Closely analogous to the 1D case, the 2D-pCF at a given distance (δr) is defined as:

$$pCF(\delta r,\tau )=\frac{\langle I(r,t)I(r+\delta r,t+\tau )\rangle }{\langle I(r,t)I(r+\delta r,t)\rangle }-1$$
(5)

Where τ is the acquisition time between the point r0 in one image and r1 in the other image separated by a distance of δr, I is the recorded fluorescence intensity in each point of the image, and the brackets indicate a temporal average.

The 2D-pCF approach detects obstacles to diffusion by computing the delay time on the pair correlation-function-maximum amplitude (this is the case if there are interactions between the molecules and intracellular compartments) or, by the absence of a correlation between the two points (this will occur in the case of impenetrable barriers to diffusion). The pixel distance δr can be varied in order to visualize the path of molecules that travel different distances.

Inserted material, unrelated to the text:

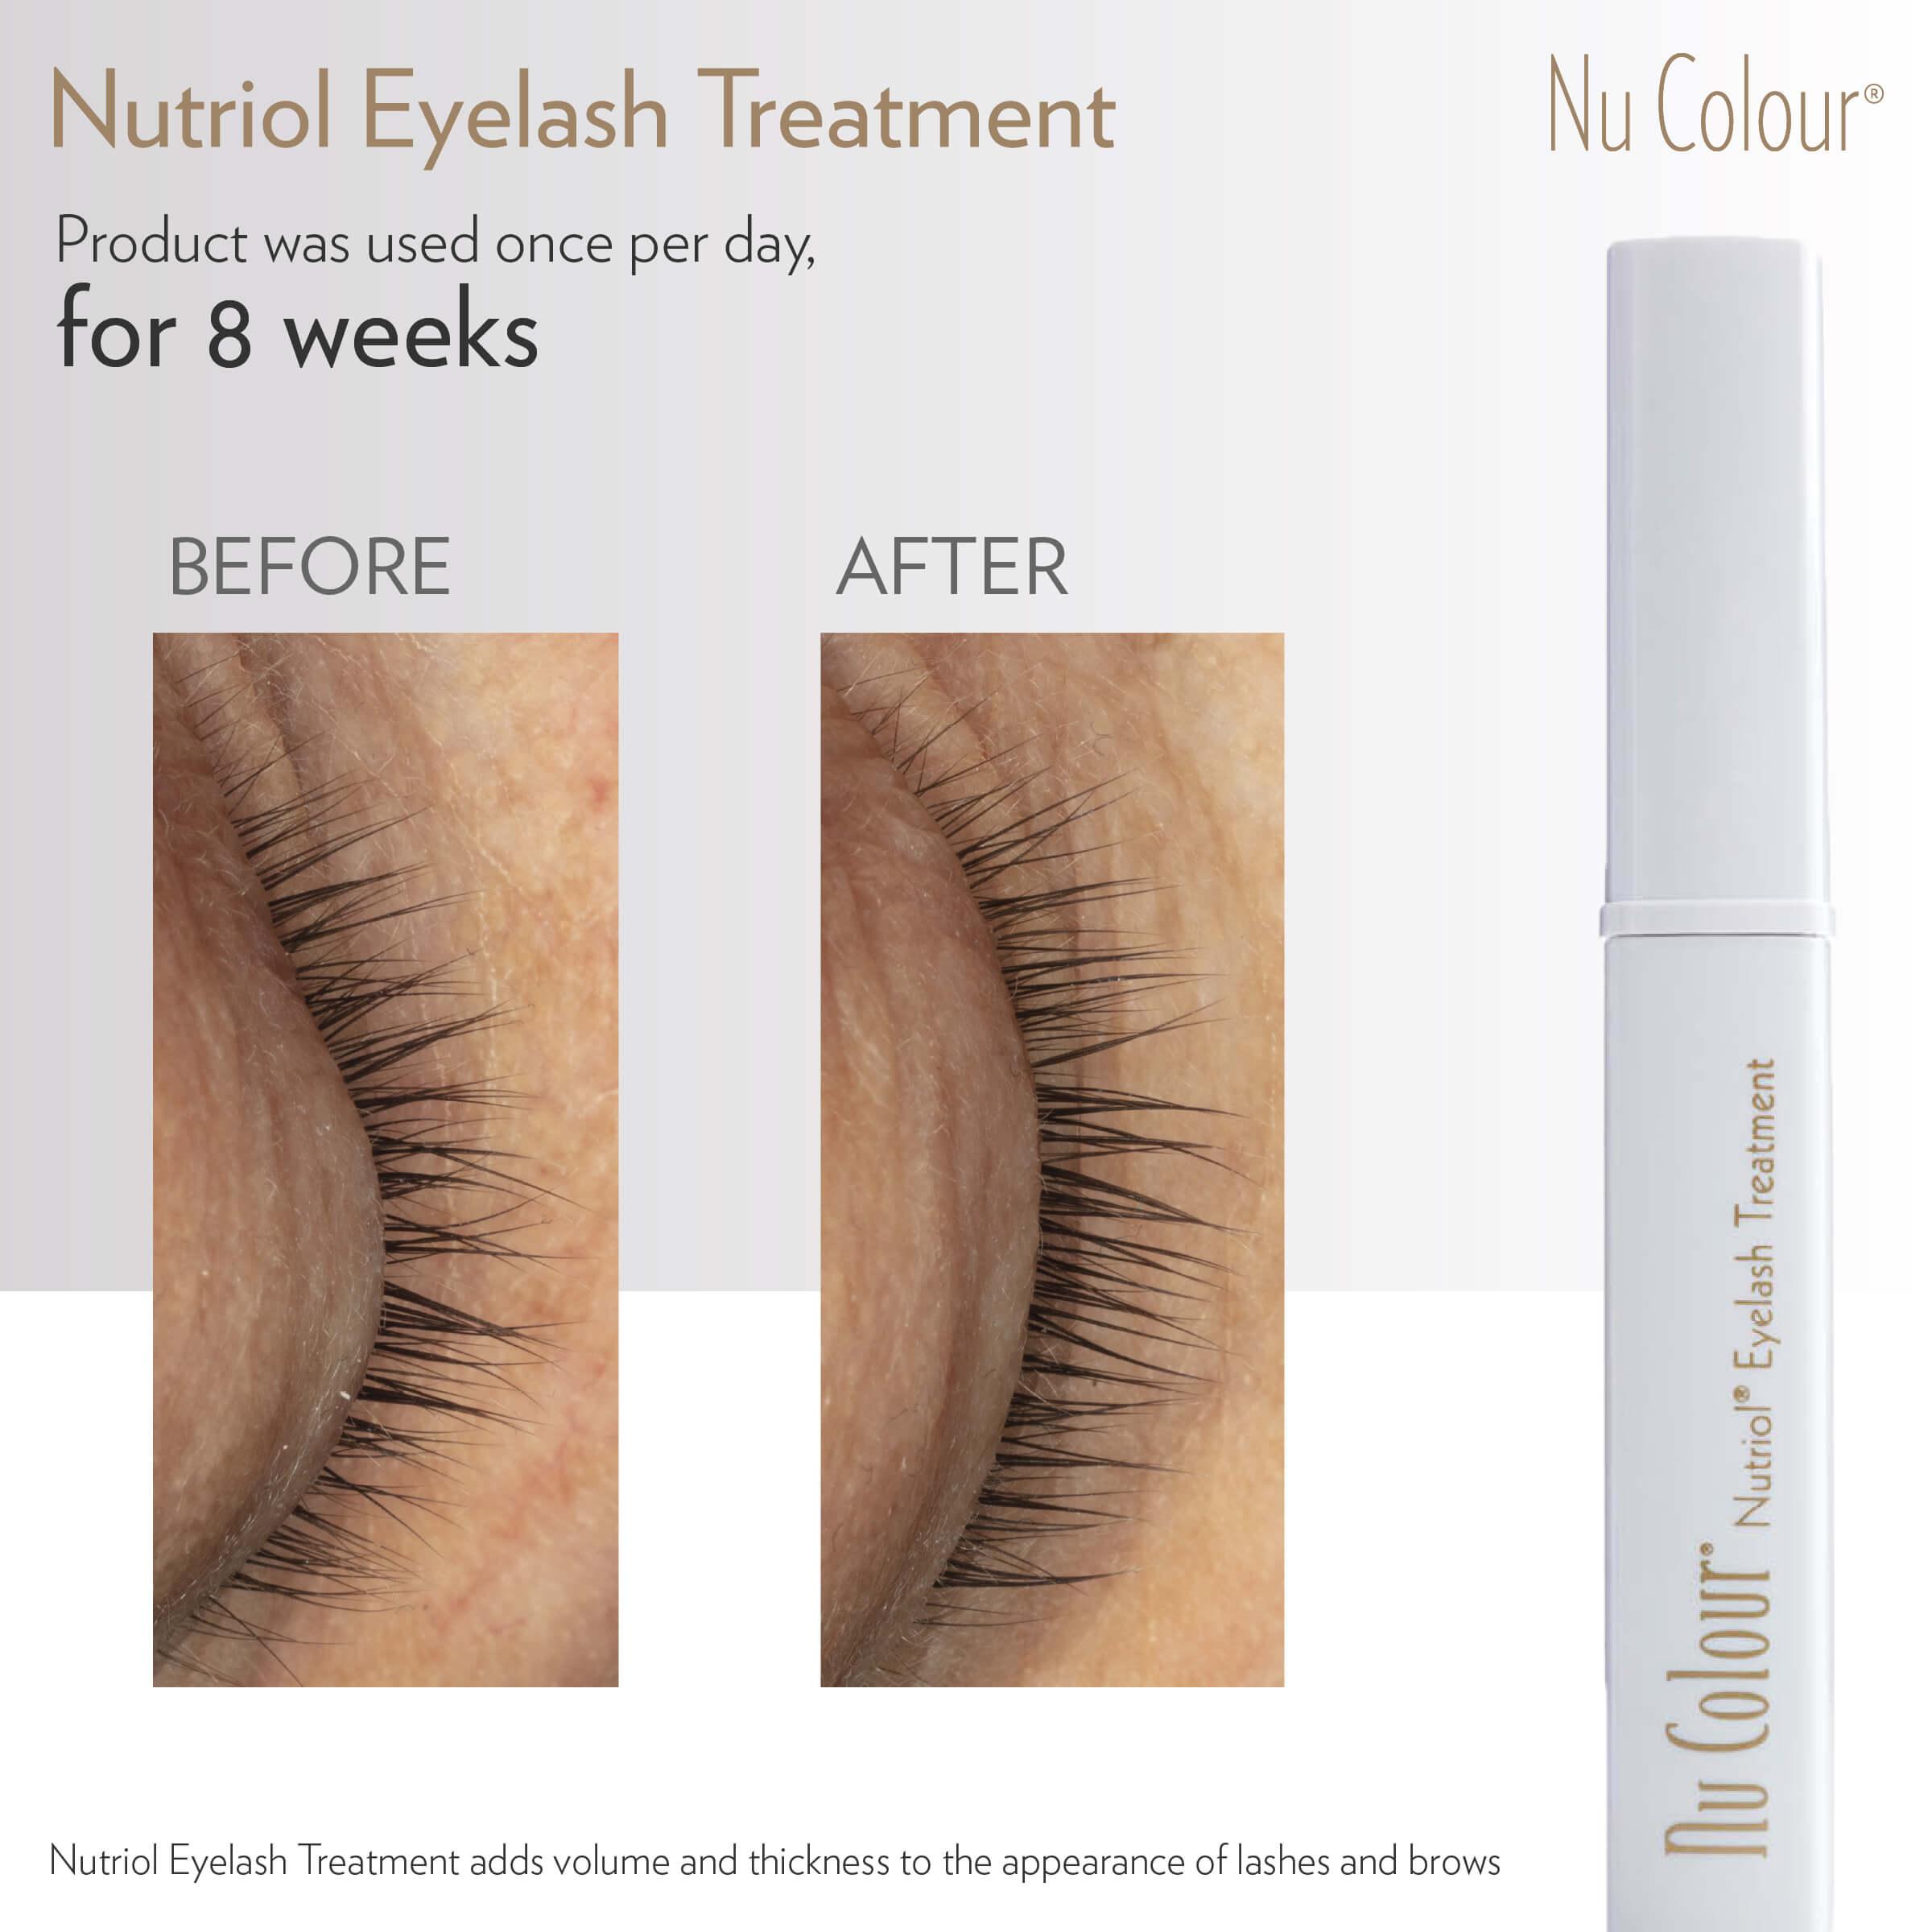 B-A-Nutriol-Eyelash-Treatment-1

To calculate the 2D-pCF, a stack of at least 8192 images of the same focal plane is needed. From the stack of images, the pCF(δr) at many angles around a given point for all the pixels in the entire image are calculated to determine the average molecular path to diffusion. The number of angles is given by 8 times δr, meaning that for a distance of 4 pixels, the pCF is calculated over 32 angles around each point. This procedure defines a diffusion tensor for each pixel in the image and the pCF distribution is plotted in a polar plot. The moments of the intensity distribution I(x, y) can be calculated as follows:

$${M}_{i,j}=\frac{{\sum }_{x}{\sum }_{y}{x}^{i}{y}^{j}(x,y)}{{\sum }_{x}{\sum }_{y}I(x,y)}$$
(6)

Then, the first and second central moments (μ11, μ20 and μ02) of the spatial distribution can be calculated from the general equation for central moments:

$${\mu }_{p,q}=\sum _{x}\sum _{y}{(x-\bar{x})}^{p}{(y-\bar{y})}^{q}I(x,y)$$
(7)

Where \(\bar{x}\) and \(\bar{y}\) are the coordinates of the center of mass of the distribution. Then, the center of mass shift, the length of the distribution long and short axis and the angle with respect to the image coordinates can be calculated. The angle will indicate the preferably direction of molecular diffusion when the diffusion is anisotropic, and it is given by:

$$\theta =\frac{1}{2}\text{arctan}\left(\frac{{2}_{\mu 11}}{{\mu }_{20}-{\mu }_{02}}\right)$$
(8)

The length of the long (λ1) and short (λ2) axis of the distribution are defined as:

$${\lambda }_{1,2}=\frac{{\mu }_{20}+{\mu }_{02}}{2}\pm \frac{\sqrt{4{\mu }_{11}^{2}+{({\mu }_{20}-{\mu }_{02})}^{2}}}{2}$$
(9)

With these two parameters, the Anisotropy, which indicates the how asymmetrical is the pCF in each pixel, is calculated as:

$$A=\frac{{\lambda }_{1}-{\lambda }_{2}}{{\lambda }_{1}+{\lambda }_{2}}$$
(10)

Higher Anisotropy values indicate that the motion is less isotropic in the direction given by the angle calculated before. This analysis provides an angle and anisotropy value for each point of the image, which produces a map of the molecular flow in the whole illuminated region.